Probably, but I had tons of trouble getting the accounting correct as it
was :P

>> +#ifdef CONFIG_CFS_BANDWIDTH
>> +	/*
>> +	 * TODO: This might trigger, I'm not sure/don't remember. Regardless,
>> +	 * while we do not explicitly handle the case where h_kernel_running
>> +	 * goes to 0, we will call account/check_cfs_rq_runtime at worst in
>> +	 * entity_tick and notice that we can now properly do the full
>> +	 * throttle_cfs_rq.
>> +	 */
>> +	WARN_ON_ONCE(list_empty(&cfs_rq->kernel_children));
>
> FWIW this triggers pretty much immediately in my environment (buildroot
> over QEMU).

Good to know; I feel like this should be avoidable (and definitely
should be avoided if it can be), but I might be forgetting some case
that's mostly unavoidable. I'll have to poke it when I have more time.

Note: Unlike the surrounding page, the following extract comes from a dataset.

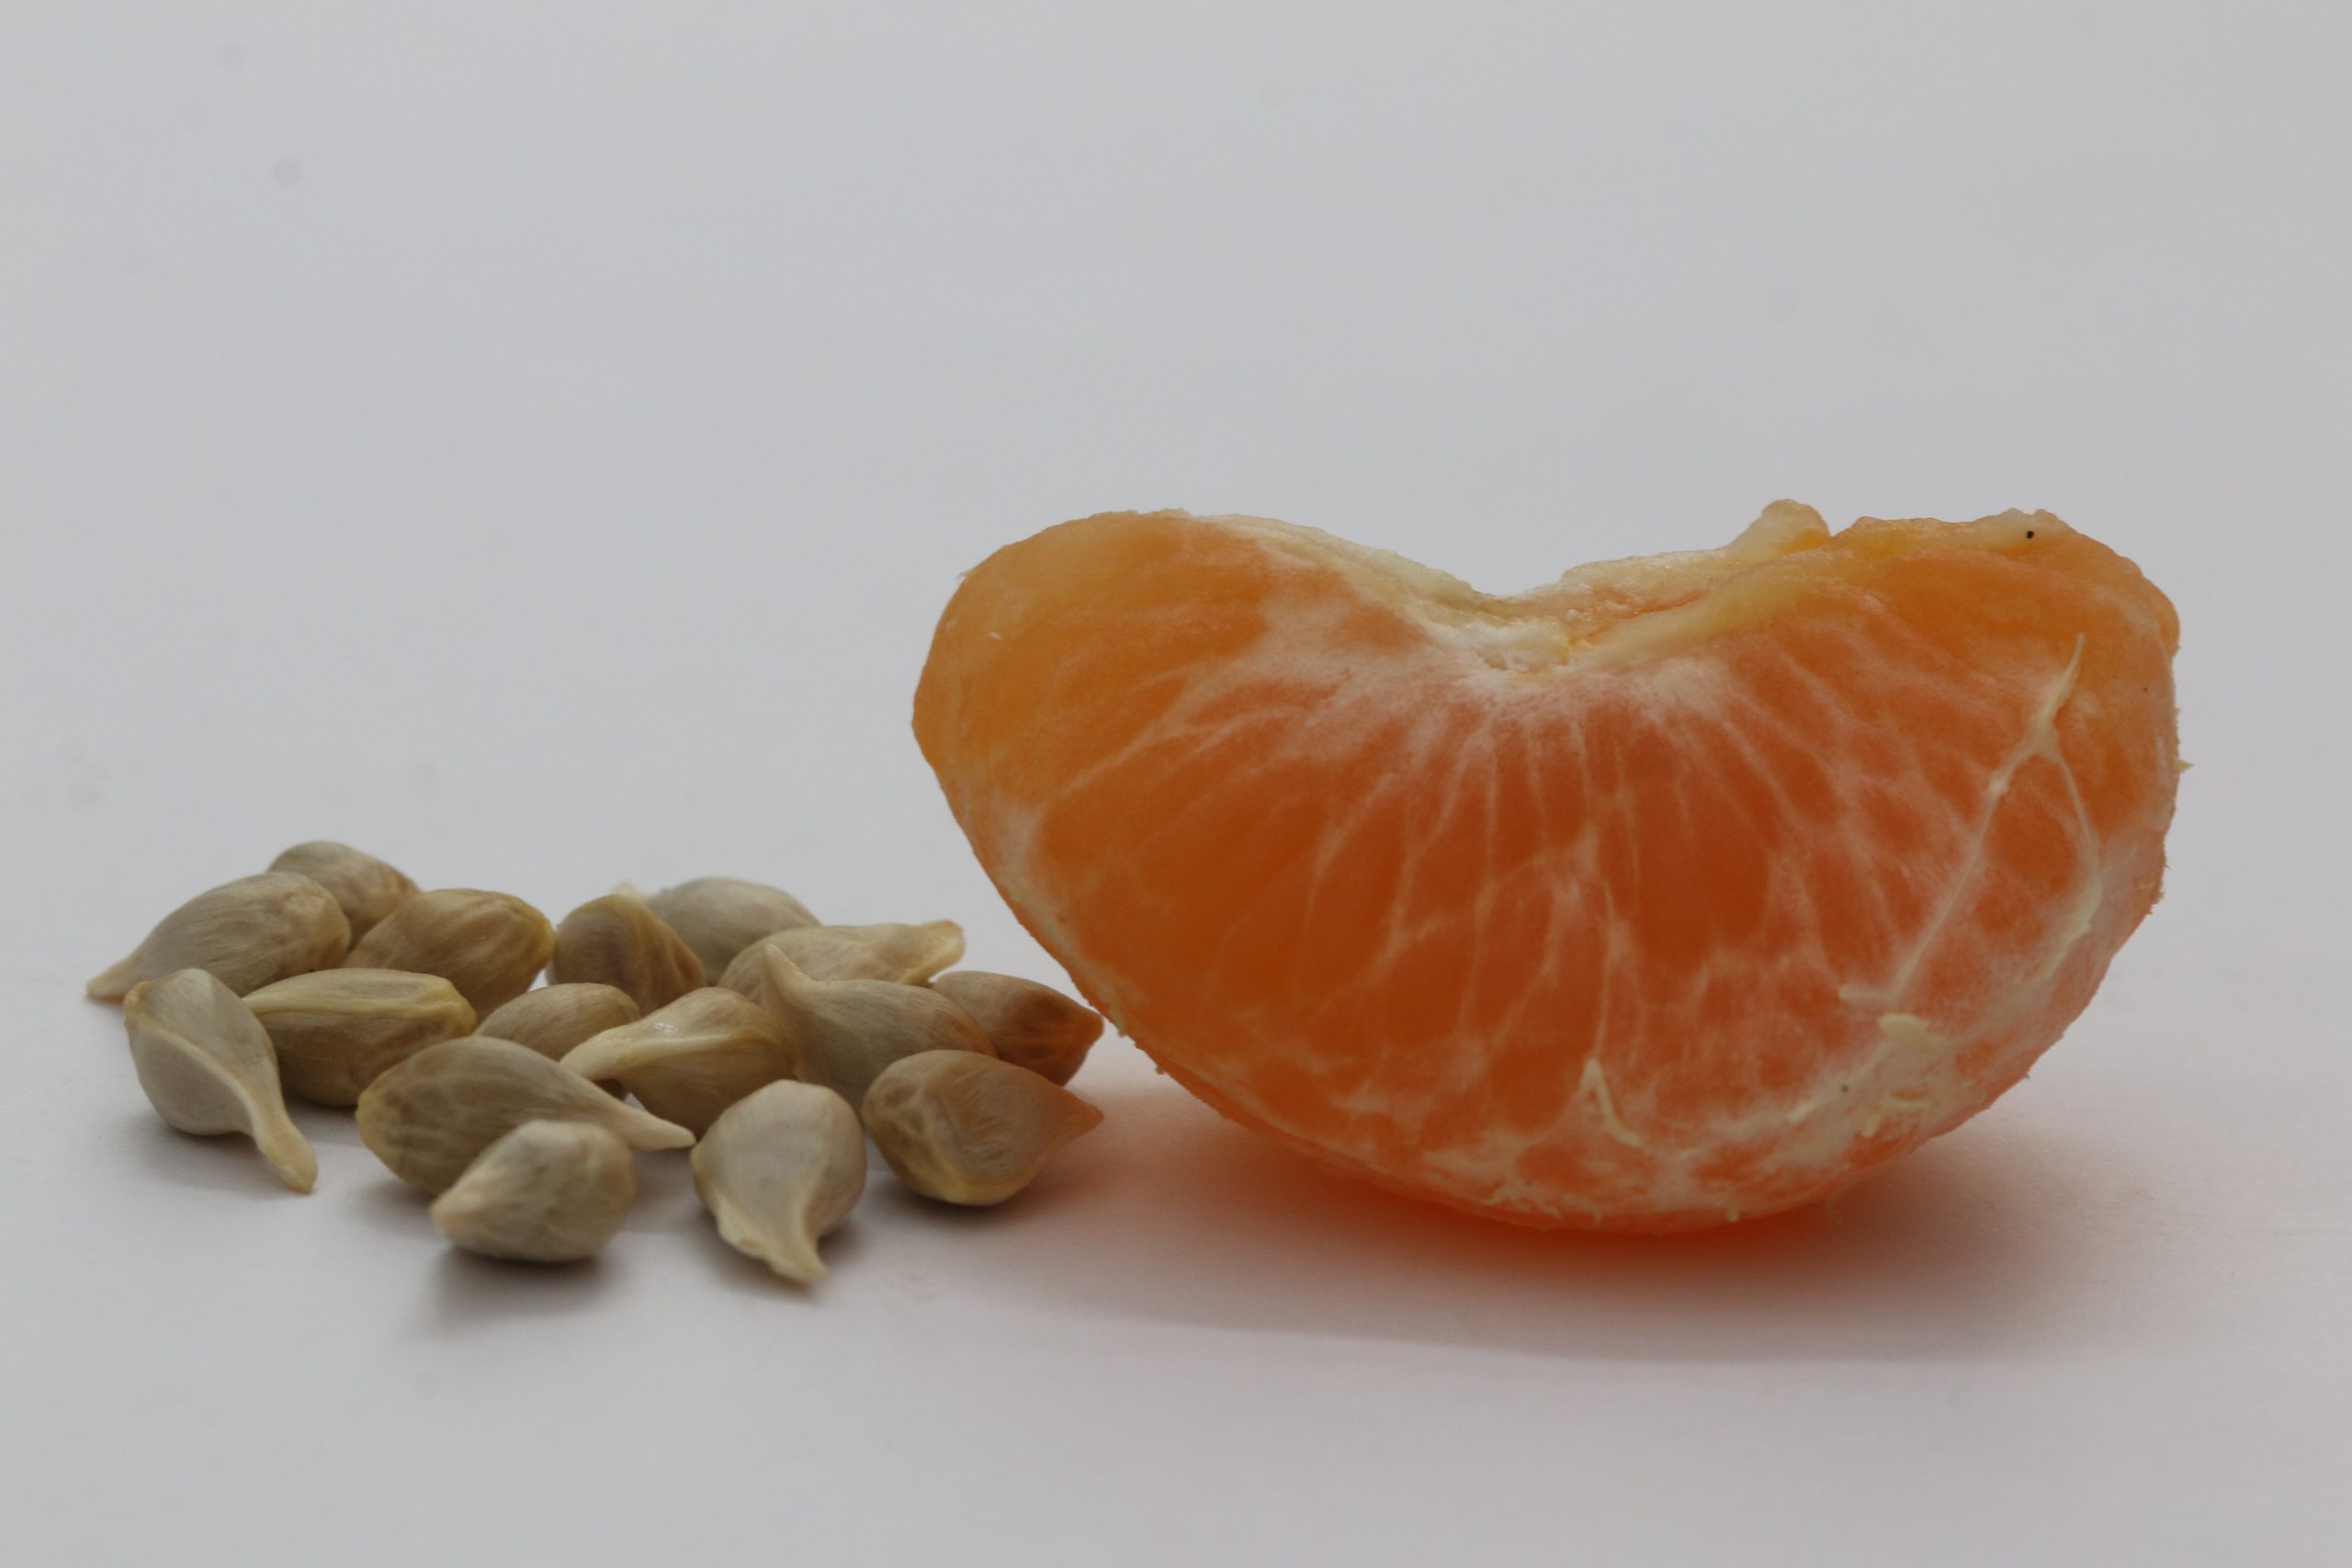 orange wedge and seeds

>> @@ -8316,15 +8471,44 @@ static void check_preempt_wakeup_fair(struct rq *rq, struct task_struct *p, int
>>
>>  preempt:
>>       resched_curr(rq);
>>  }
>>
>> +static void handle_kernel_task_prev(struct task_struct *prev)
>> +{
>> +#ifdef CONFIG_CFS_BANDWIDTH
>> +	struct sched_entity *se = &prev->se;
>> +	bool new_kernel = is_kernel_task(prev);
>> +	bool prev_kernel = !list_empty(&se->kernel_node);
>> +	/*
>> +	 * These extra loops are bad and against the whole point of the merged
>> +	 * PNT, but it's a pain to merge, particularly since we want it to occur
>> +	 * before check_cfs_runtime.
>> +	 */
>> +	if (prev_kernel && !new_kernel) {
>> +		WARN_ON_ONCE(!se->on_rq); /* dequeue should have removed us */
>> +		for_each_sched_entity(se) {
>> +			dequeue_kernel(cfs_rq_of(se), se, 1);
>> +			if (cfs_rq_throttled(cfs_rq_of(se)))
>> +				break;
>> +		}
>> +	} else if (!prev_kernel && new_kernel && se->on_rq) {
>> +		for_each_sched_entity(se) {
>> +			enqueue_kernel(cfs_rq_of(se), se, 1);
>> +			if (cfs_rq_throttled(cfs_rq_of(se)))
>> +				break;
>> +		}
>> +	}
>> +#endif
>> +}
>
>
> I'm trying to grok what the implications of a second tasks_timeline would
> be on picking - we'd want a RBtree update equivalent to put_prev_entity()'s
> __enqueue_entity(), but that second tree doesn't follow the same
> enqueue/dequeue cycle as the first one. Would a __dequeue_entity() +
> __enqueue_entity() to force a rebalance make sense? That'd also take care
> of updating the min_vruntime.

Yeah, the most sensible thing to do would probably be to just have curr
not be in the queue, the same as the normal rbtree, and save the "on
kernel list" as an on_rq-equivalent bool instead of as !list_empty(kernel_node).